DATA PROVIDED
- Opening Delimiter -
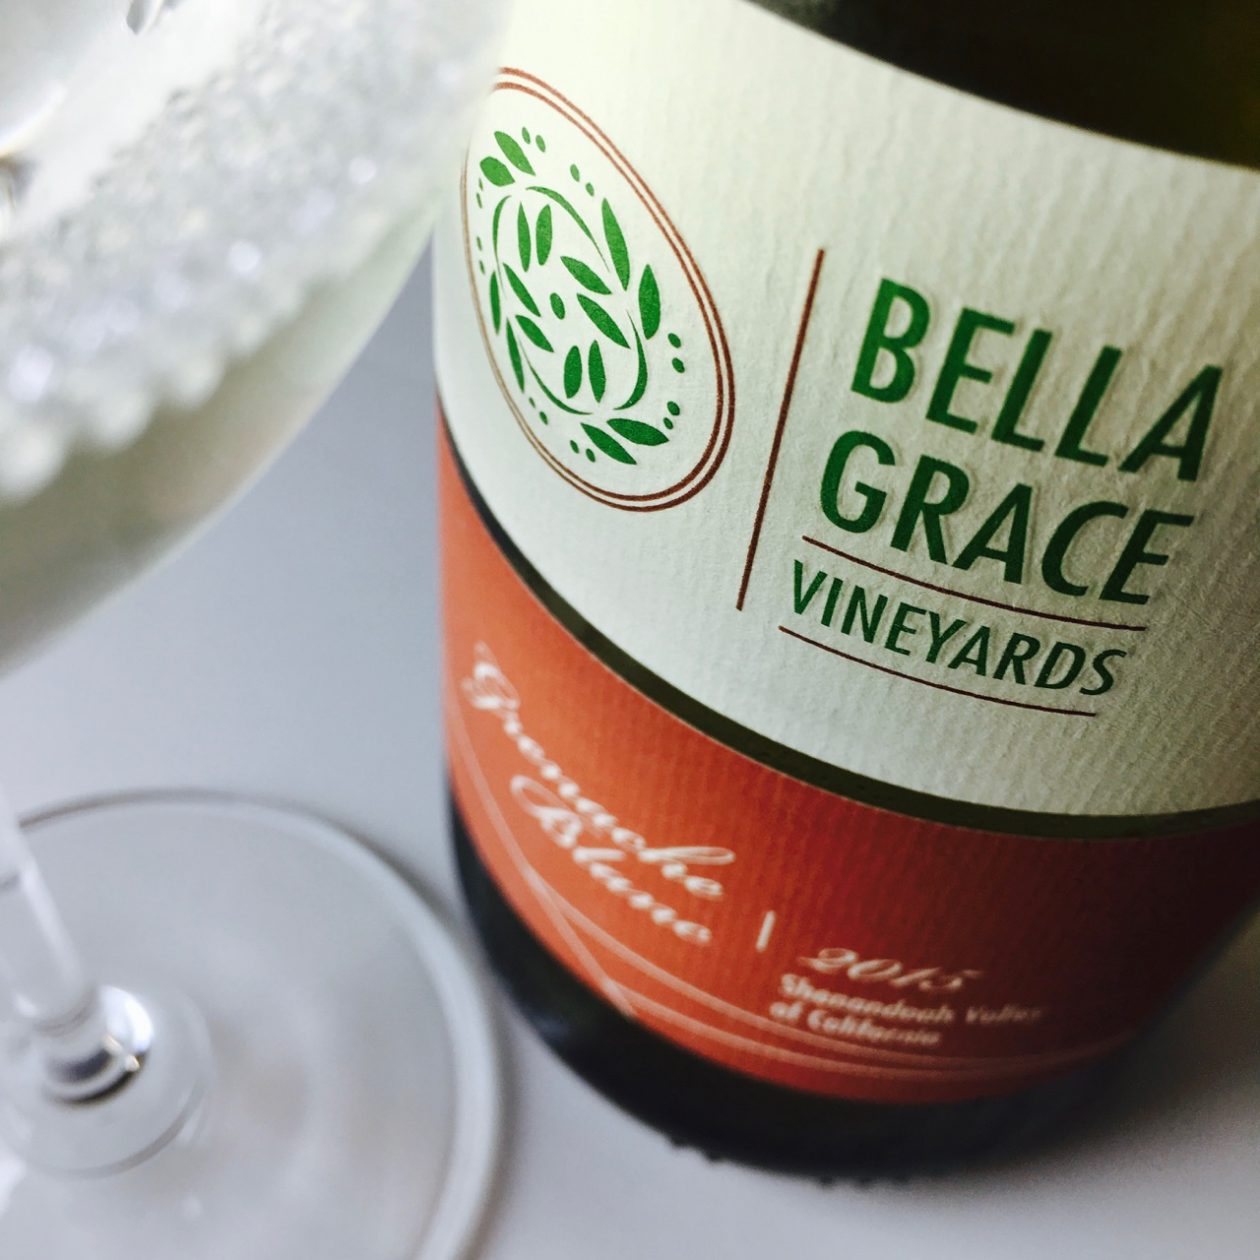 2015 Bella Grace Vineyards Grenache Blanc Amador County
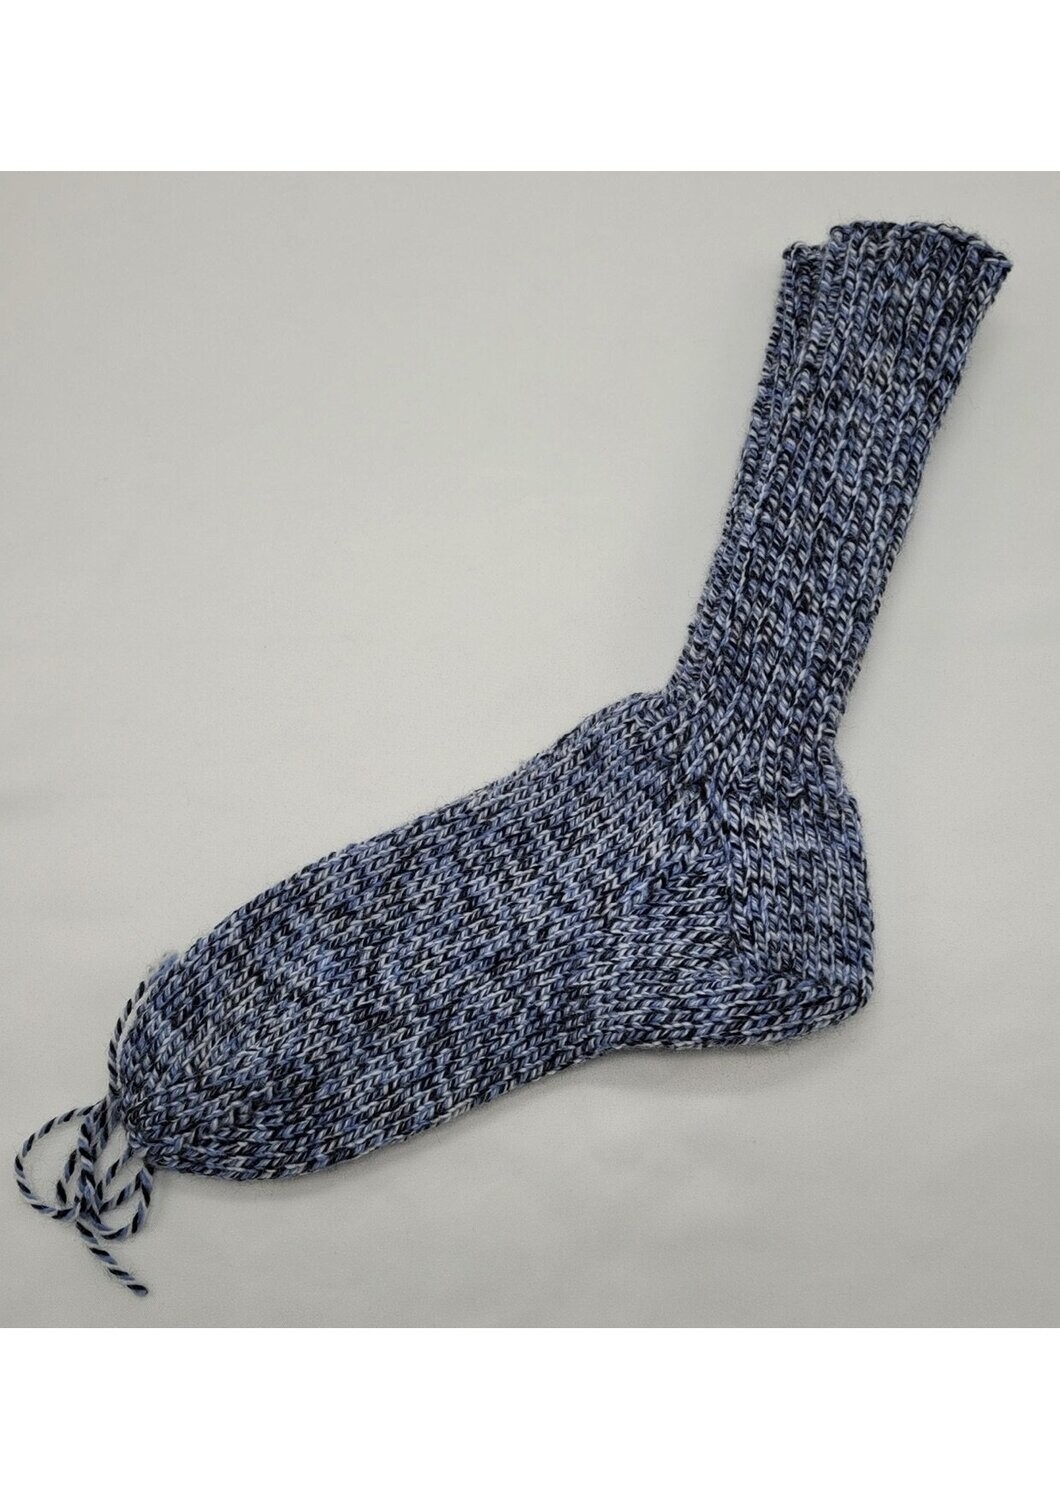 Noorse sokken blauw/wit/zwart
- Closing Delimiter -
- Opening Delimiter -
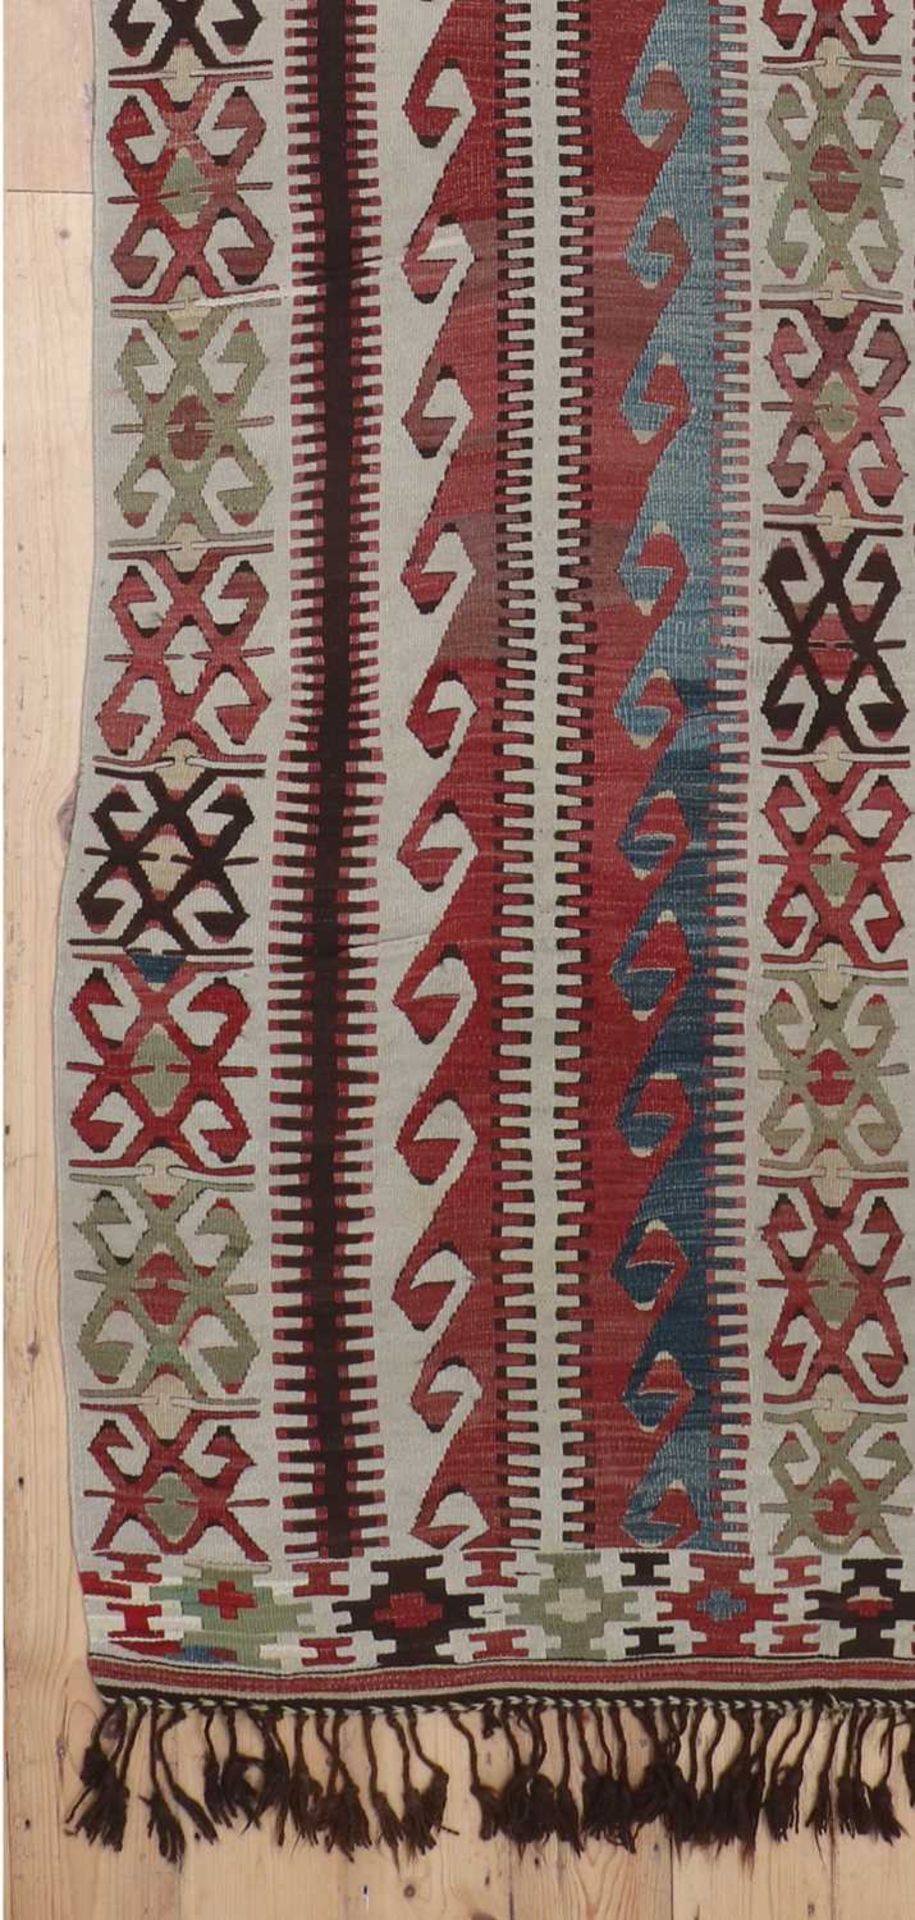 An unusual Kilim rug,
- Closing Delimiter -
YOUR TASK
Only the lines above starting with the line with "2015 Bella Grace" and going on through the line with "Noorse sokken blauw/wit/zwart" belong in the answer; repeat them exactly, minus any picture.

TASK ANSWER
 2015 Bella Grace Vineyards Grenache Blanc Amador County
 Noorse sokken blauw/wit/zwart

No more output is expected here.